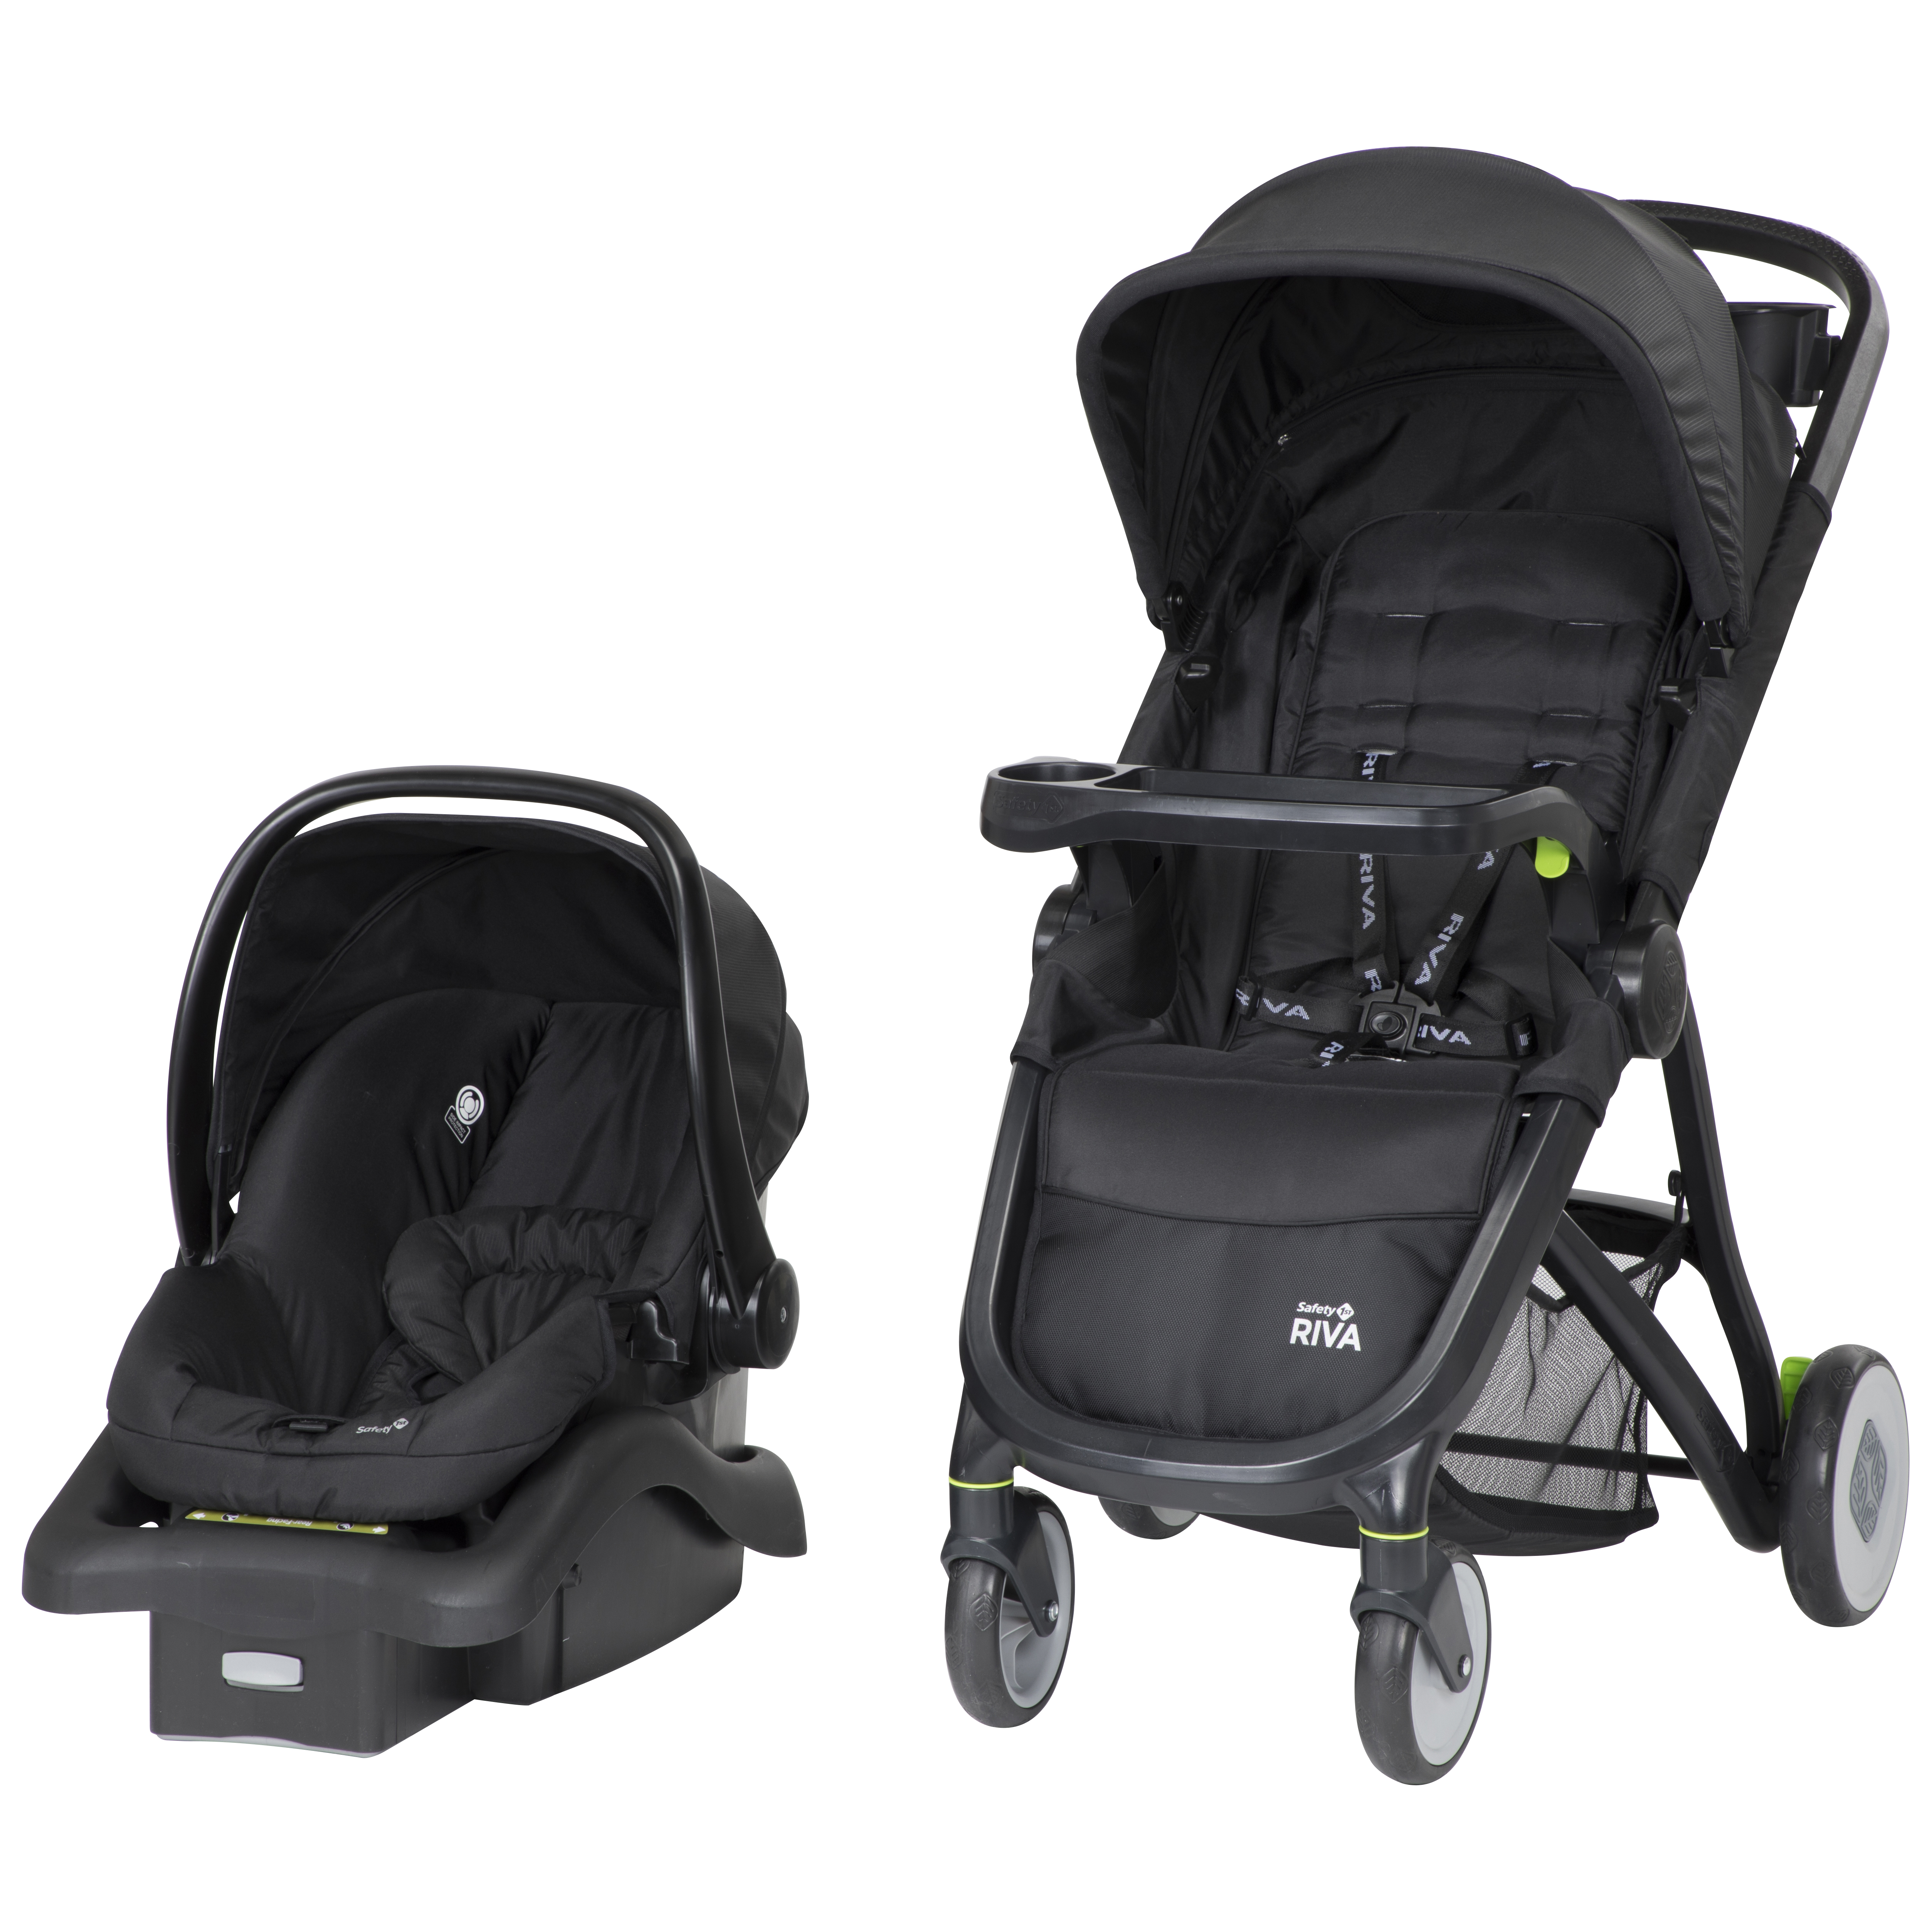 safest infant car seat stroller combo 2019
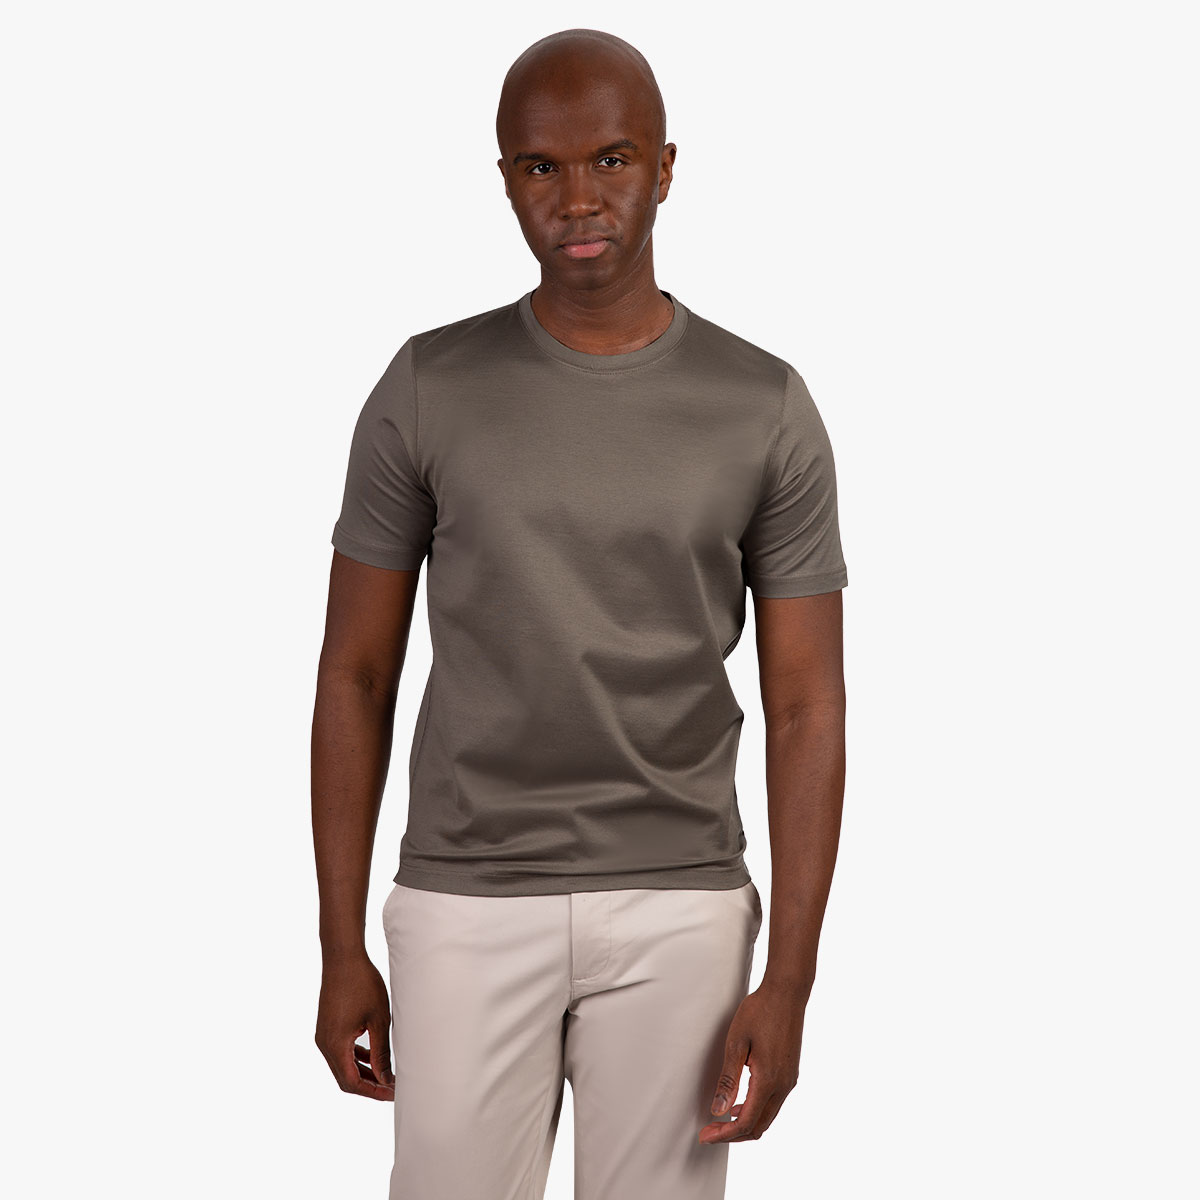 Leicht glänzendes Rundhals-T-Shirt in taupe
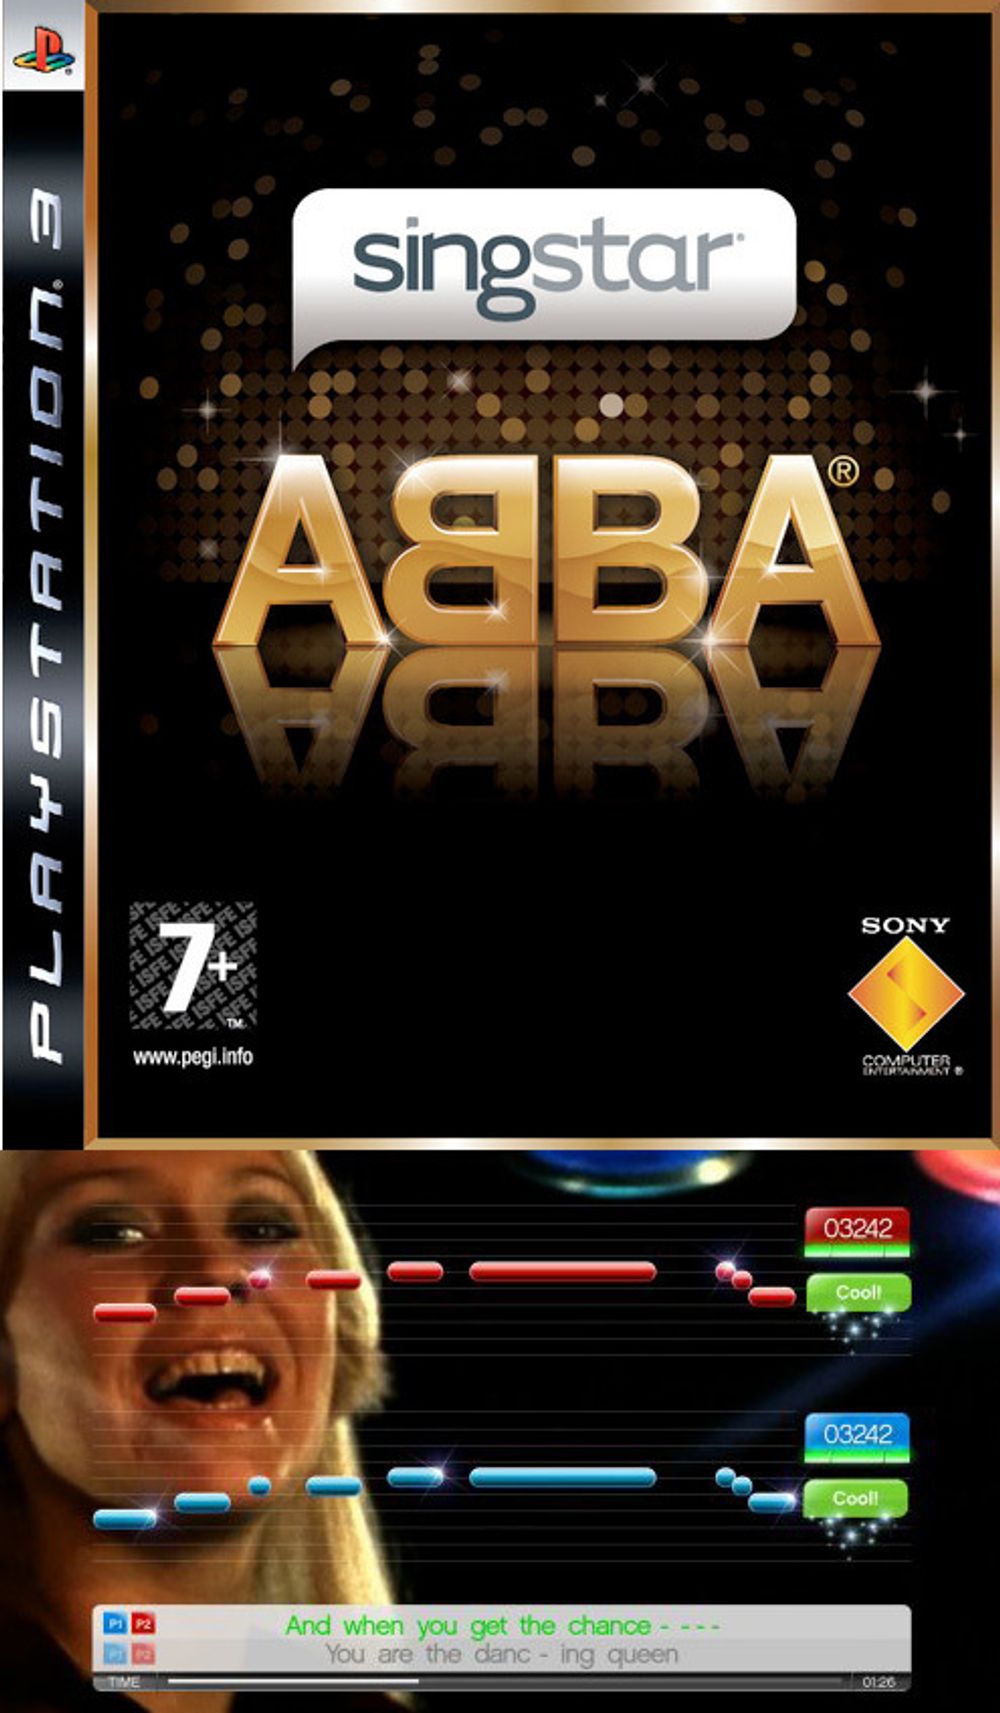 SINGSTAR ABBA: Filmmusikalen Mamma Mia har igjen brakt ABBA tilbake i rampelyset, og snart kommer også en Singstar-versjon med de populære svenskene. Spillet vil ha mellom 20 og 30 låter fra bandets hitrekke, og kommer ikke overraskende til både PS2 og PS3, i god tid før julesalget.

• • • • •

* Your objective
All of the listing above has to be reproduced exactly, though without its images.

* Result of the exercise
 safest infant car seat stroller combo 2019
 Leicht glänzendes Rundhals-T-Shirt in taupe
 SINGSTAR ABBA: Filmmusikalen Mamma Mia har igjen brakt ABBA tilbake i rampelyset, og snart kommer også en Singstar-versjon med de populære svenskene. Spillet vil ha mellom 20 og 30 låter fra bandets hitrekke, og kommer ikke overraskende til både PS2 og PS3, i god tid før julesalget.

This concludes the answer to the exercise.